There is a distinctive sheen given to the bodies that you paint, in reference to the smooth surface of porcelain. How and why did you first begin to incorporate these material qualities into your work?
I started using porcelain as a surrogate for the body—specifically the female body—a few years ago after painting a porcelain sink. It had an anthropomorphic quality. As a substitute it felt more powerful and offered a space for subjectivity that an actual body didn’t necessarily provide. The etymology of porcelain stems from pork, from the visual similarity between the opening of a cowrie shell and the exposed genitalia of a female swine. The word’s origins have also been likened to the sound created by the boorish whistle after a beautiful girl—it is a feminized material and I wanted to critically incorporate its language into the canon of figuration. I was also interested in pushing sensuality to the point of absurdity, turning it into something very perverted.
Why are these bodies frequently tangled, distorted or bent double?
I am searching for ways to pictorially structure female desire, an endeavour that almost always coincides with an internalized male gaze—so there is rarely a singular sense of a body or self in the paintings. There is distortion, mirroring and, as much as the bodies appear lost in erotic acts, there is an awareness that they perform for the viewer as well.
But beyond these politics I look for an intuitive rhythm or cadence in the composition that is in service of the picture, and not contingent on a faithful likeness of a body, which results in distortion. The paintings fail if they forgo sensation for the boredom of conveyance. I want them to reach a state where they can be interpreted but not explained.
What is your process of painting? Do you work from sketches and photographs or more instinctively with your materials directly on the canvas?
I’ll often work from very rudimentary sketches that focus on something simple: a crease where a body part touches itself, or the place where two bodies make contact. That erotically-charged moment becomes the central axis from which the rest of the painting develops. From there I work with materials and let the painting respond to itself. I keep it wet for as long as possible so it’s often about moving paint from one part of the surface to another, rather than a process of addition.
“I work with materials and let the painting respond to itself. I keep it wet for as long as possible”
There is a dark humour that runs through your work, seen particularly on your Instagram feed, where you juxtapose isolated body parts with unexpected everyday items, from stick-on nails to a fried egg. The results are quite uncanny. Where do these curious assemblages come from, and how do they feed into your attitude to your paintings?
I suppose both of them share a desire to substitute inward uncertainties for outward appearances. Both of them blur the boundaries between animate and inanimate, but Instagram is a good place to execute bad ideas or one-liners that don’t seem well-suited for painting but that keep the train of thought rolling anyway.

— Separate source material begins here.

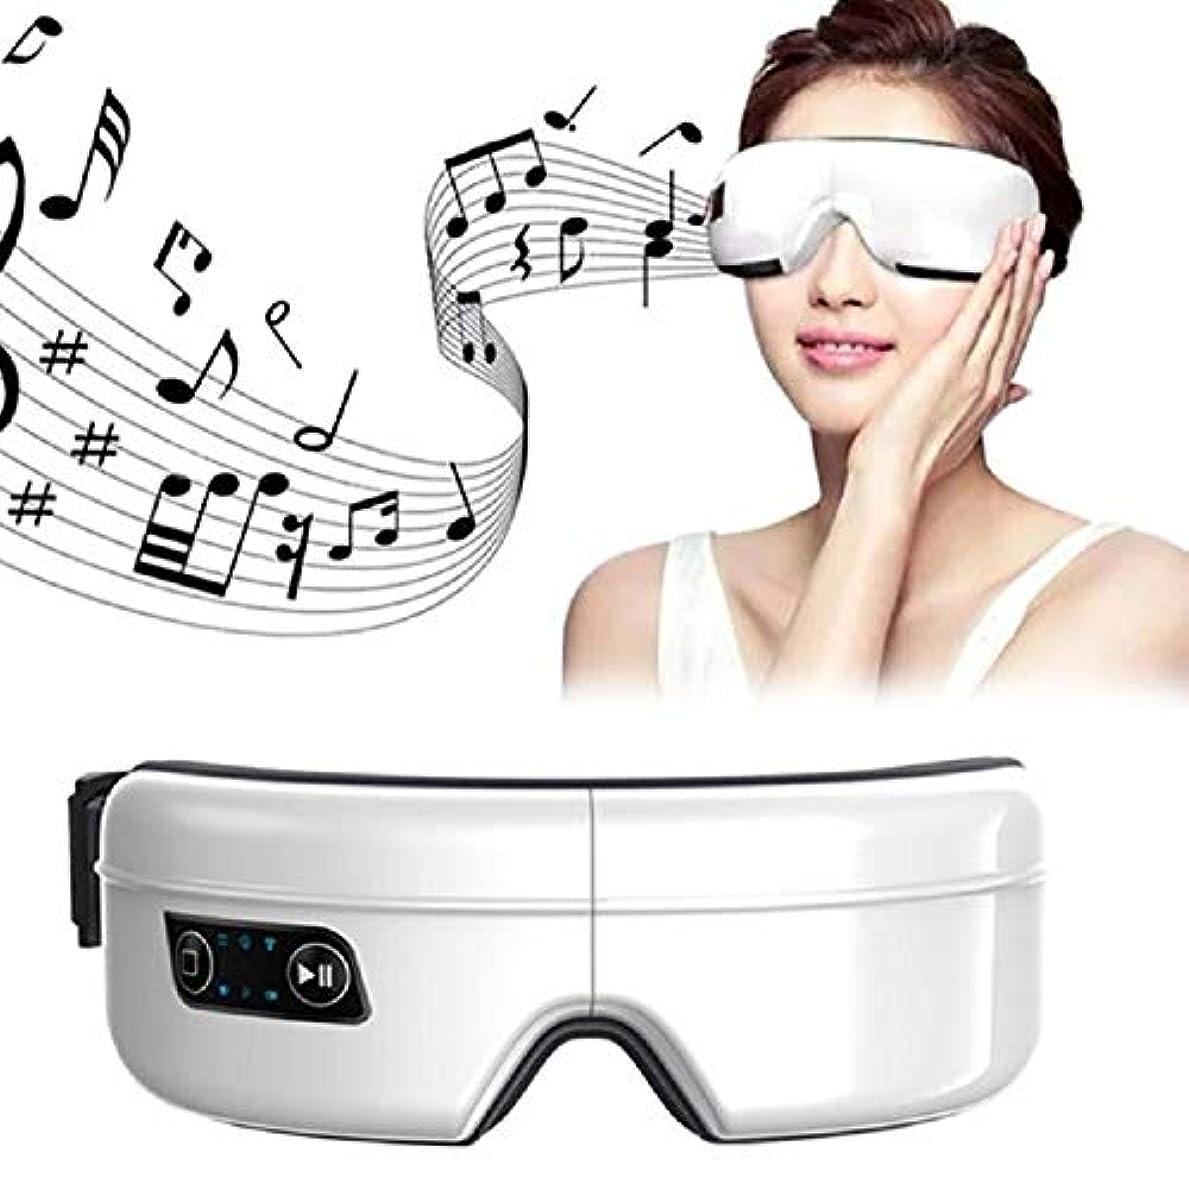 飛ぶコーンウォールシャイRuzzy 高度な電気ワイヤレスアイマッサージSPAの楽器、音楽充電式美容ツール 購入へようこそ

Who are some of the artists or broader art historical movements that have influenced you, and how do you approach incorporating this type of research into your paintings?
For some time I was interested in the Romantic canon and its artists, who—in the midst of revolution—conceptualized violent spectacle as an engine of self-understanding and renewal. I explore that sentiment from a feminist perspective and appropriate visual motifs of different canons to redirect a critique toward the uncanny and erotic characteristics that constitute historical representations of women. I’m an audience for whom these paintings were not intended but I experience them as if for the first time, so they are very much contemporary paintings to me. I don’t think about things canonically or vertically, more so horizontal or circular. I’m interested in atemporality.
Animals occasionally appear in your paintings. What role do they play in your work?
I love their accessibility, and the ease with which we project our subjectivity on them. They don’t occupy time inside a painting the way people do. I often choose animals that are inbred or engineered; they are sexual or symbolic surrogates but they also encourage familiarity, empathy and love.